There was a whole world of content waiting for him on the internet, where discourse around male fertility is booming. On Reddit threads like r/maleinfertility, thousands of men exchange tips, based on varying degrees of scientific evidence. They're dipping their balls in ice water, eating raw garlic cloves, taking supplements like ashwagandha, shilajit and black maca. Meanwhile, fertility advice has infiltrated the brosphere on TikTok. "Men should have to spend nine months getting into the best physical shape of their life before having a baby," says one man, in a video that has been liked 2.5 million times. Another creator takes viewers behind the scenes of his fertilitymaxxing daily routine, consisting of press-ups, cold plunges and protein-heavy lunches (the video is captioned: "Just a regular 33-year-old improving his health and fertility one day at a time ").
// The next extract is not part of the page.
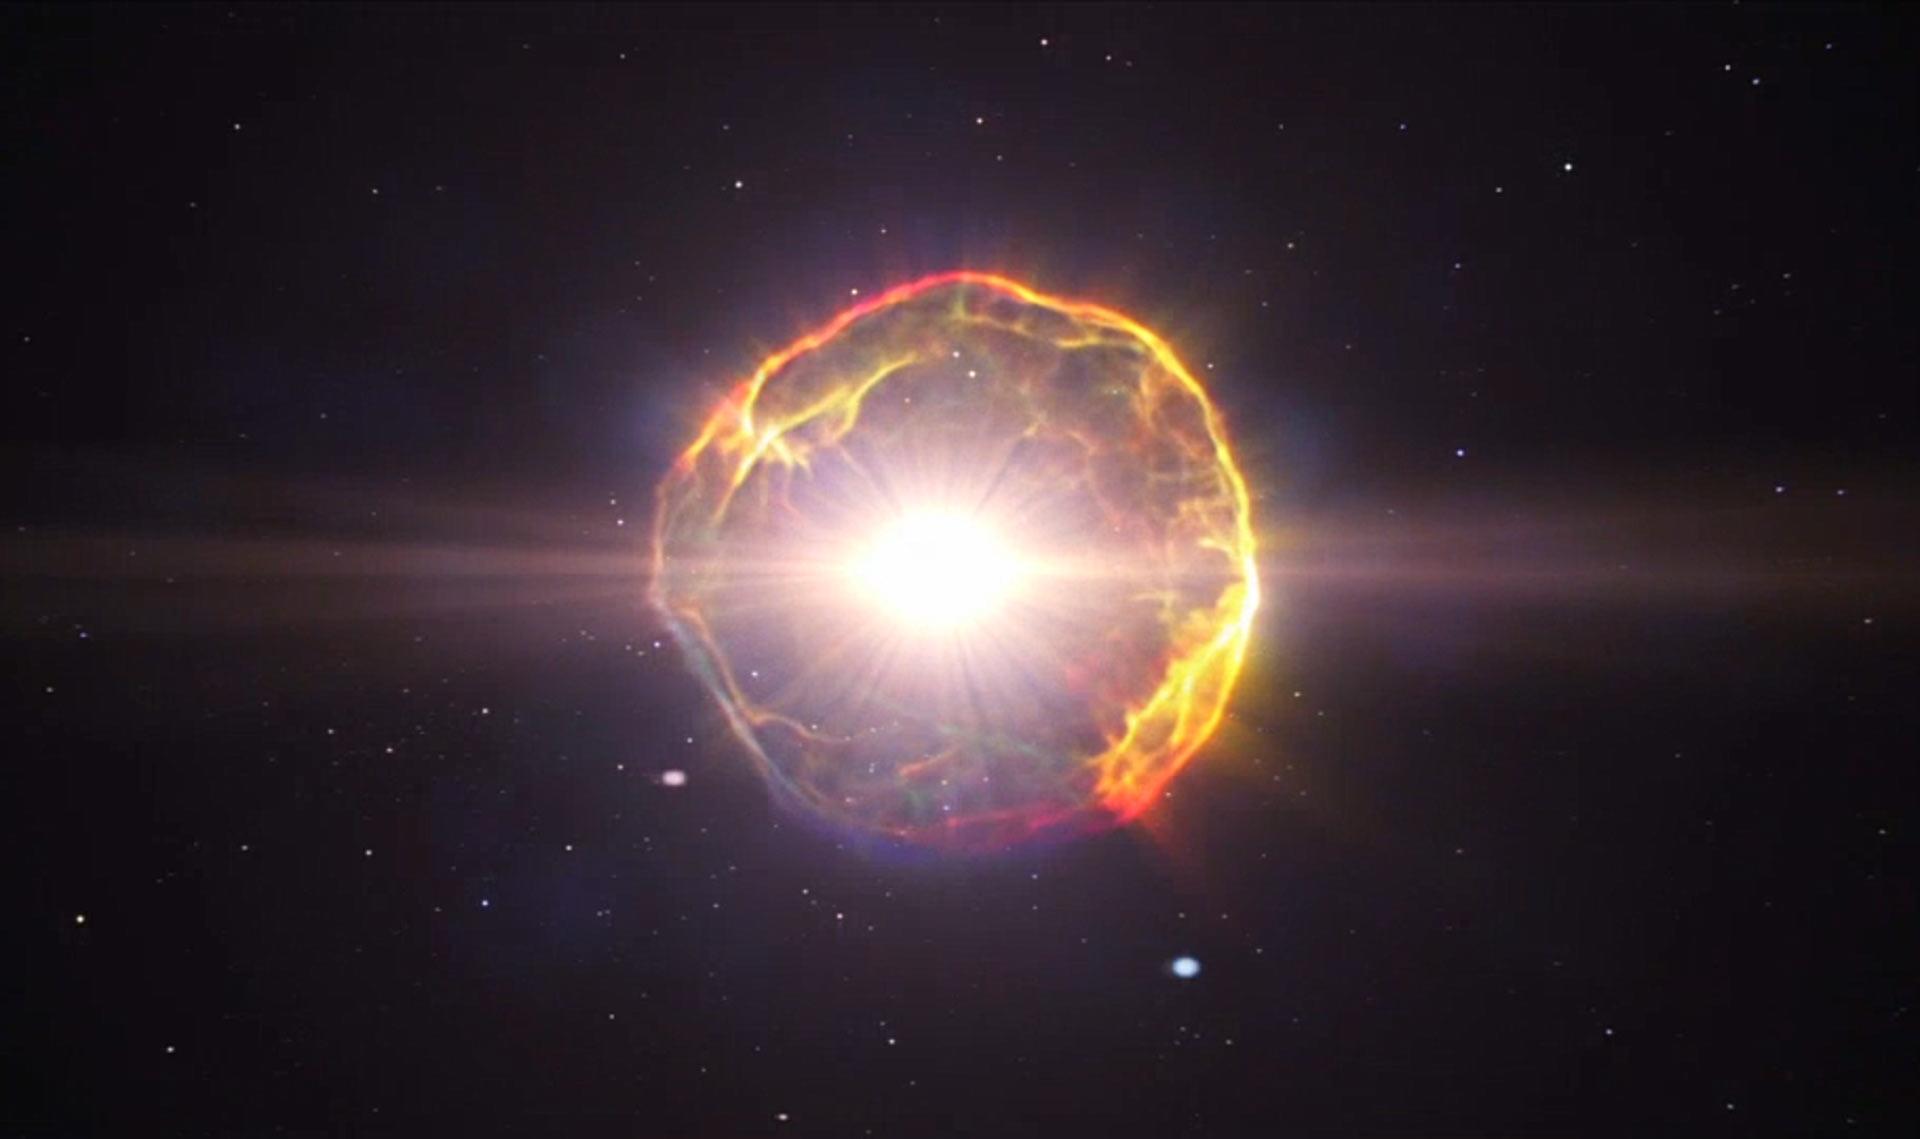 Tumori, mutazioni, estinzioni: gli effetti della supernova del Pliocene

It's a short road from proteinmaxxing to spermaxxing, as a lot of these creators are already part of the gym bro and biohacking world. Longevity guru Bryan Johnson proudly posted on X about eliminating 85% of microplastics from his ejaculate (research has linked microplastics and reduced sperm count), while a certain corner of TikTok is littered with people sharing their at-home sperm mobility tests, with captions like, "Not all swimmers are Michael Phelps". A few weeks ago, the 2026 Sperm Racing World Cup was announced, with 'athletes' from 128 countries battling for a $100,000 prize. Last year's edition, won by a 20-year-old USC student, involved competitors having their fresh ejaculate analysed under a microscope.

There is evidence male infertility is a growing problem - with lifestyle factors like smoking, obesity, alcohol and heat exposure linked to poorer sperm parameters. One 2017 meta-analysis found that sperm counts in Western countries had decreased by nearly 60%, while a Fertility Index Survey found that 16% of men under 34 have experienced fertility issues, compared with 6% of men over 55. As it stands, roughly half of heterosexual couples experiencing infertility involve a male factor. Problems conceiving have long been framed as a gendered issue, with women often 'blamed' for infertility and undergoing rounds of invasive treatments before sperm is even tested, but awareness is changing.

In many ways, male fertility content on the internet - both factual and dubious - is filling a gap left by our healthcare system. Recent research from Fertility Action revealed that 80.6% of GPs hadn't received education on male fertility, while 97% wouldn't be able to accurately examine for varicocele - a cluster of enlarged veins near the testicles which can lower sperm production and quality. Men are often an "afterthought" in fertility challenges, said Dr Ippokratis Sarris, director of King's Fertility, a consultant in reproductive medicine and chair-elect of the British Fertility Society. But in the past decade, Sarris said this has been changing, as men have become more open about their fertility challenges. They've gone from asking him how they can support their partners to asking him, 'What can I do?'.

The wellness industrial complex has responded with characteristic eagerness, and new products and platforms focused on male fertility have arrived on the market. Earlier this year, a digital platform launched called Spermaxxing, which enables users to optimise their reproductive health with daily tracking and lab analysis, while the supplement SwimClub claims to boost sperm quality and volume within 90 days. While men gush about their OTC pills and powders on online forums, experts caution against ordering something without booking a medical consultation first. "You really don't know what's in the packet," Sarris said.